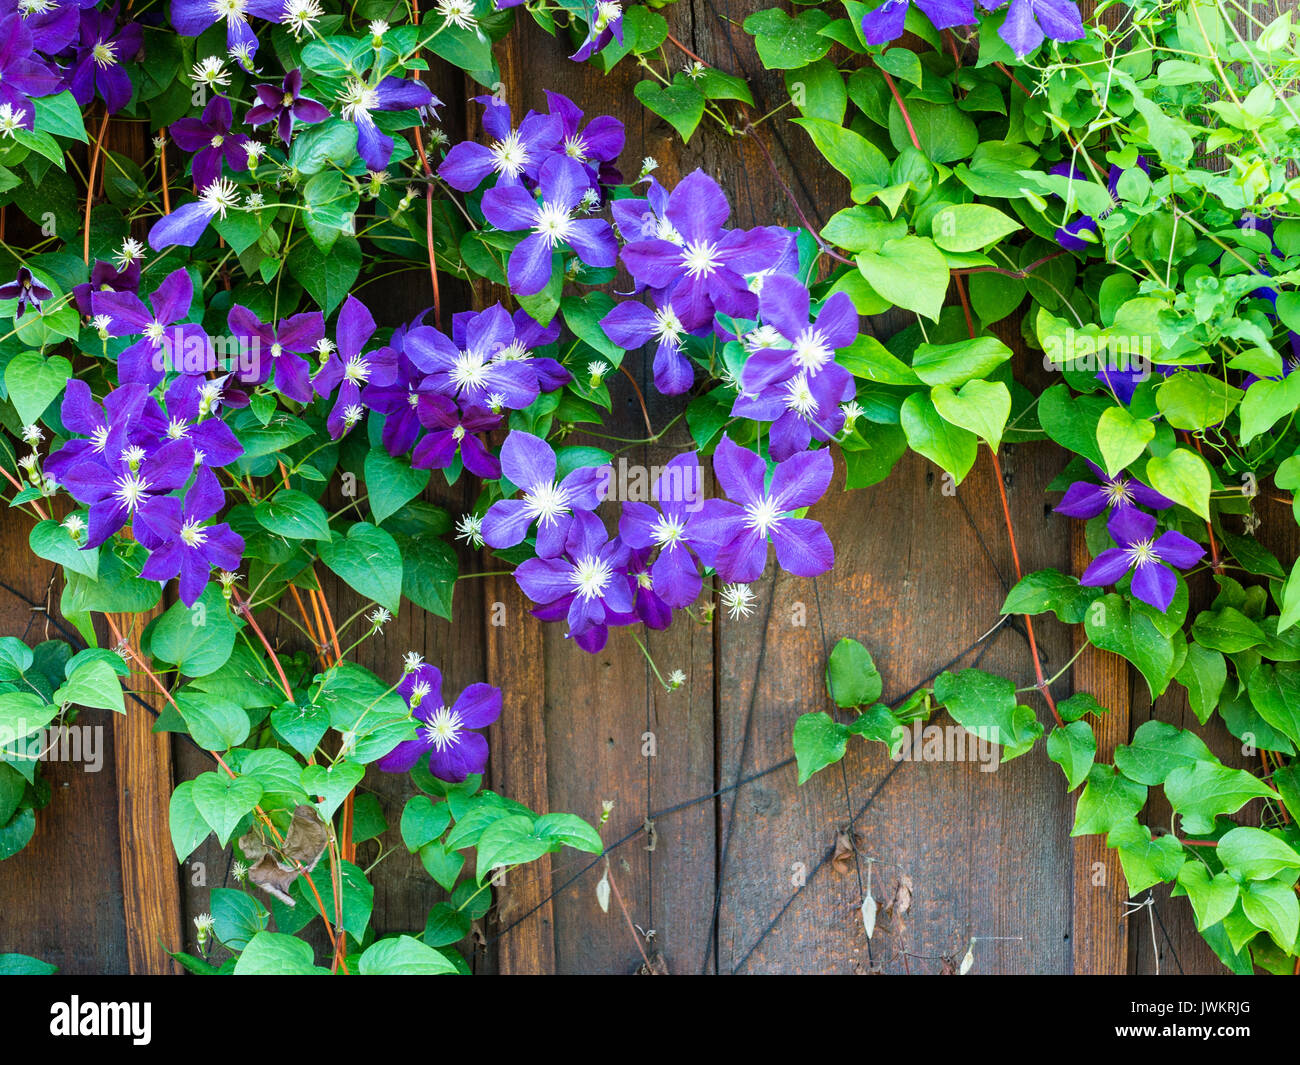 Purple flowers on a green vine on a wooden garden fence Stock Photo
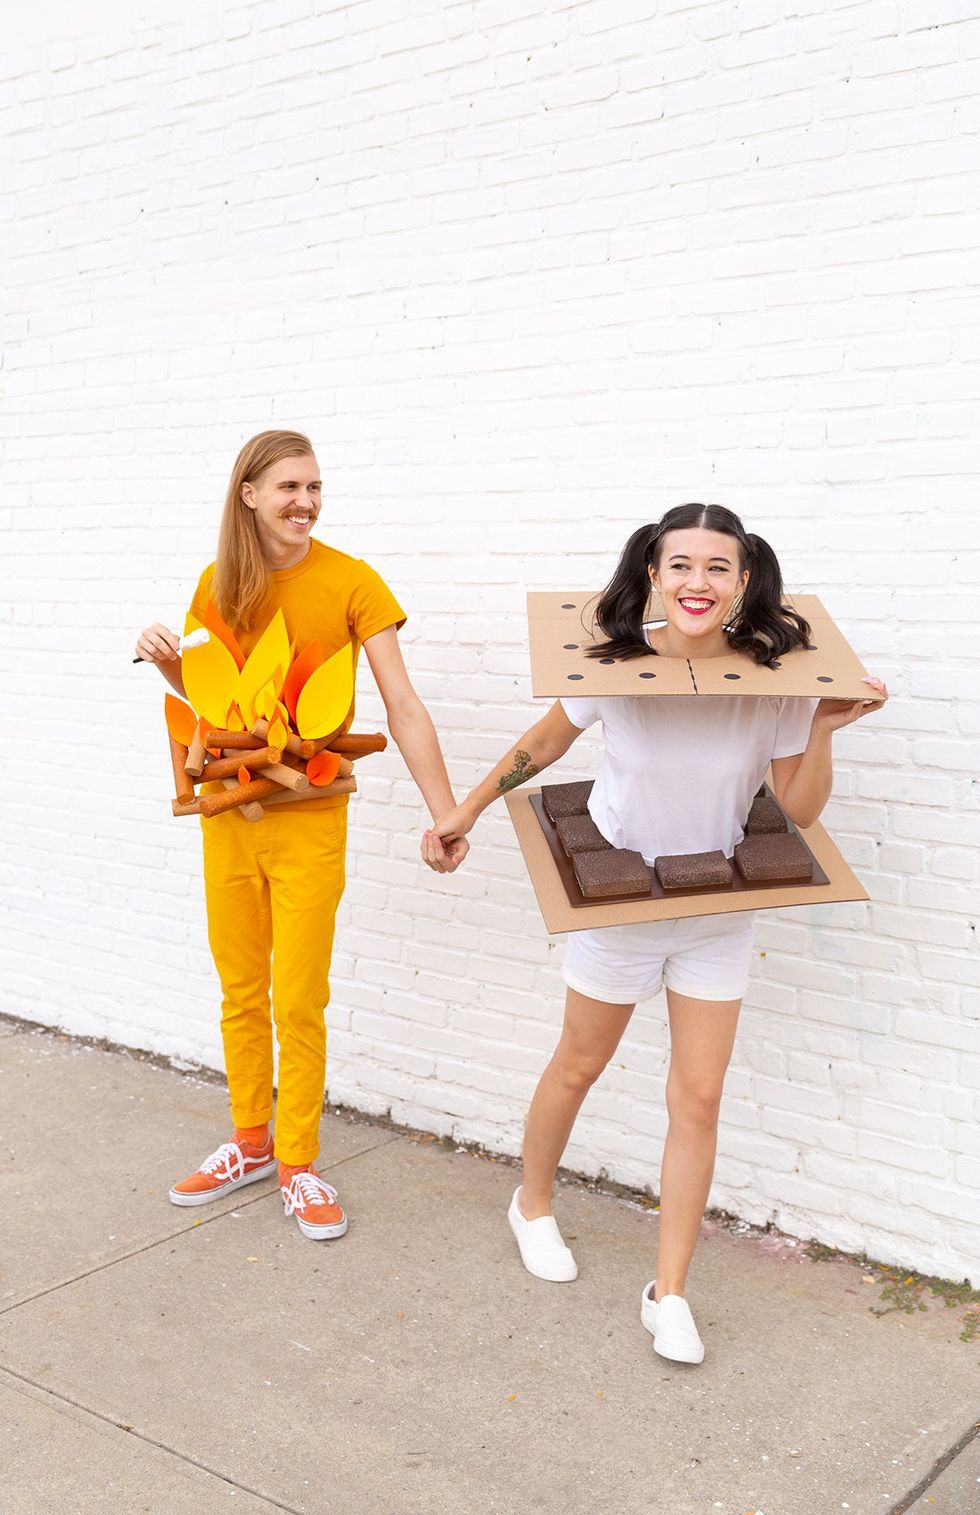 S'mores and fire costumes
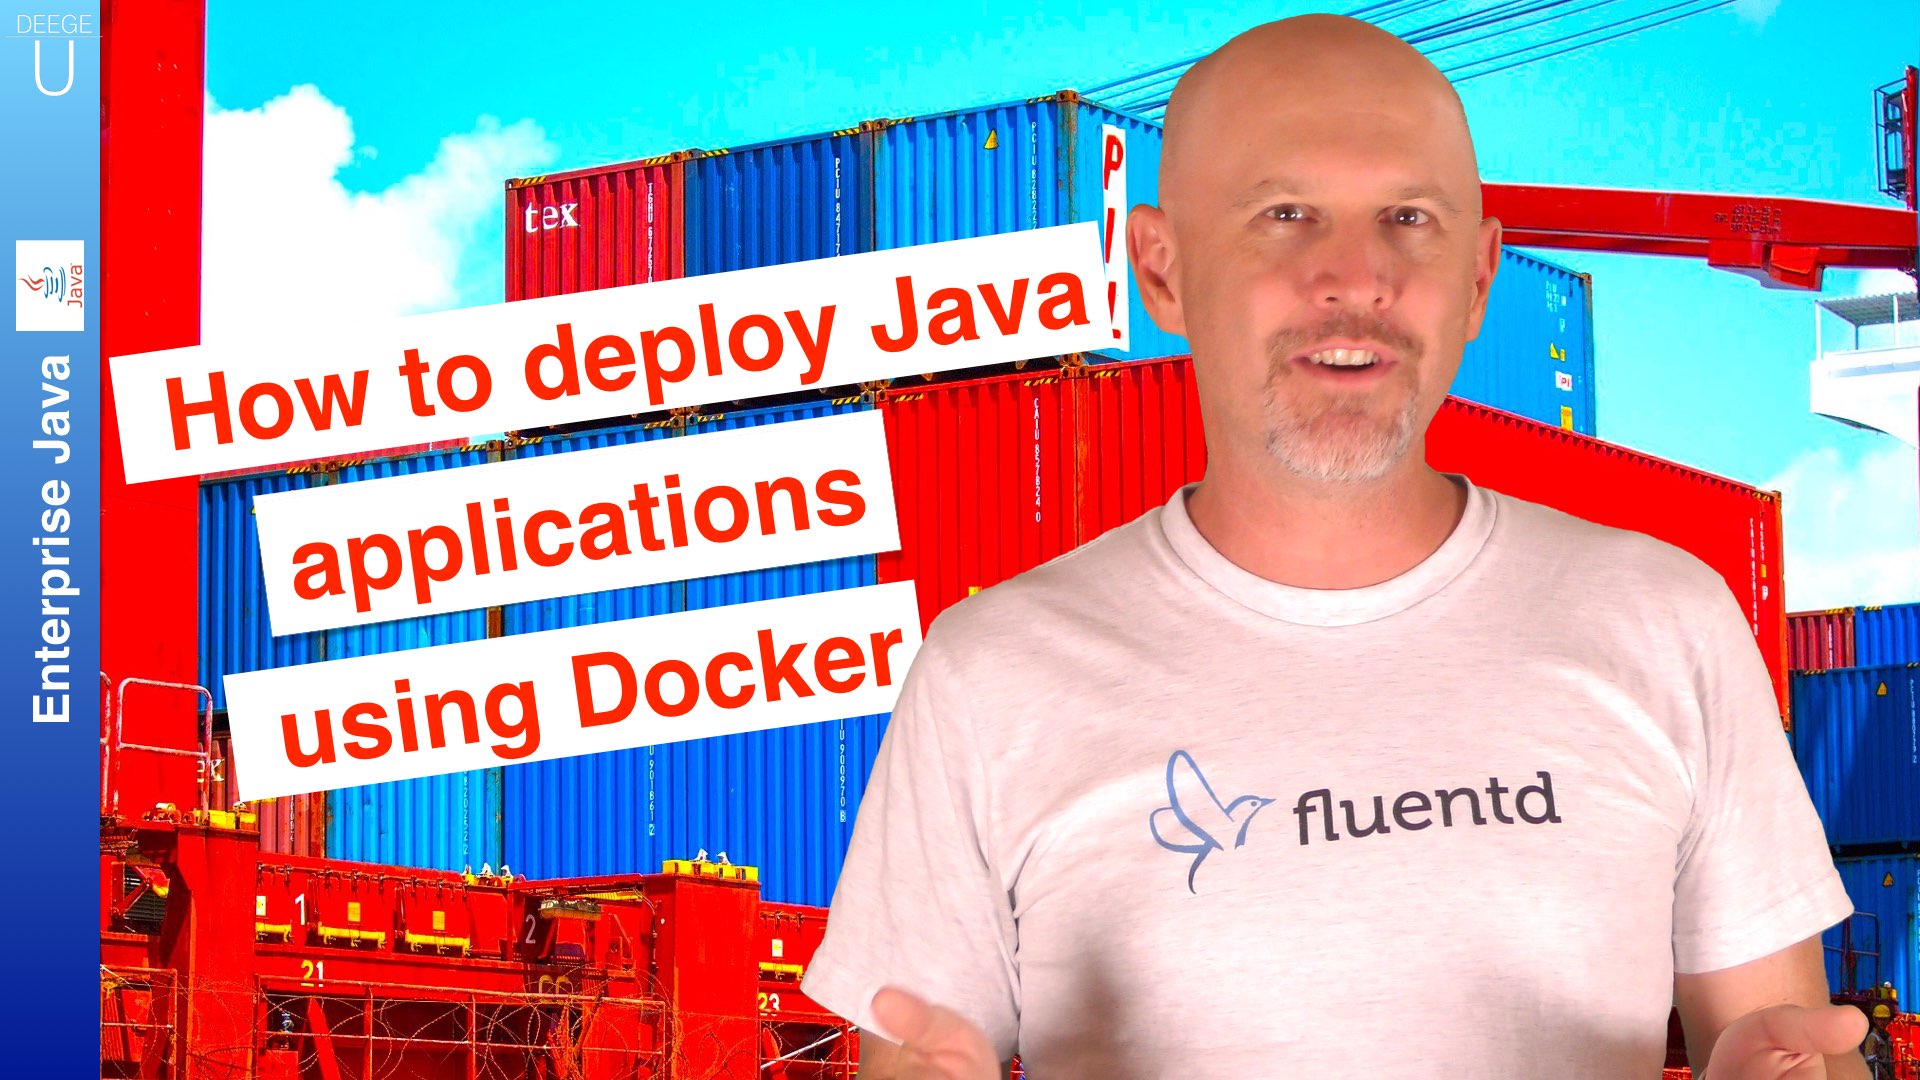 how with package to maven jar applications using Docker  DeegeU  to Java How deploy
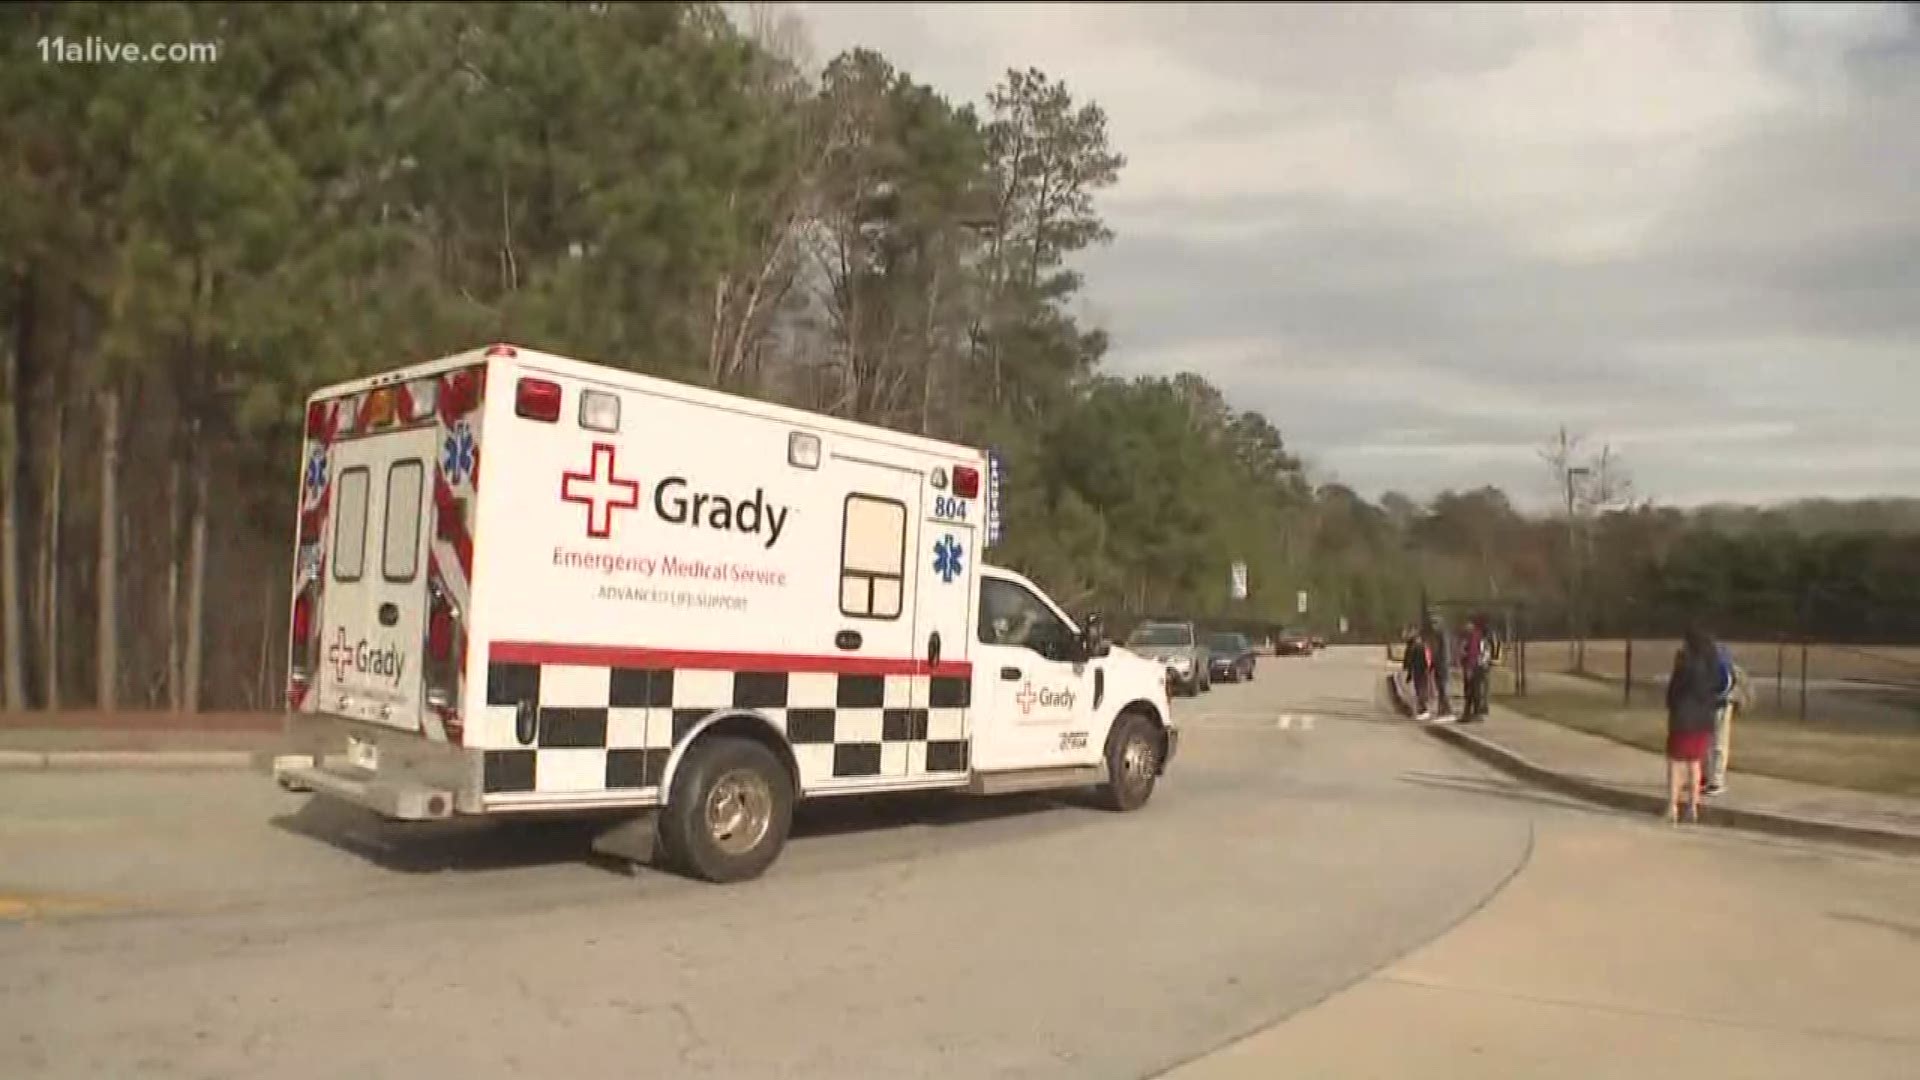 At least 28 students were taken to the hospital.

- Work task
Once the pictures are set aside, please output all the data word for word.

- Written solution
 Purple flowers on a green vine on a wooden garden fence Stock Photo
 S'mores and fire costumes
 how with package to maven jar applications using Docker  DeegeU  to Java How deploy
 At least 28 students were taken to the hospital.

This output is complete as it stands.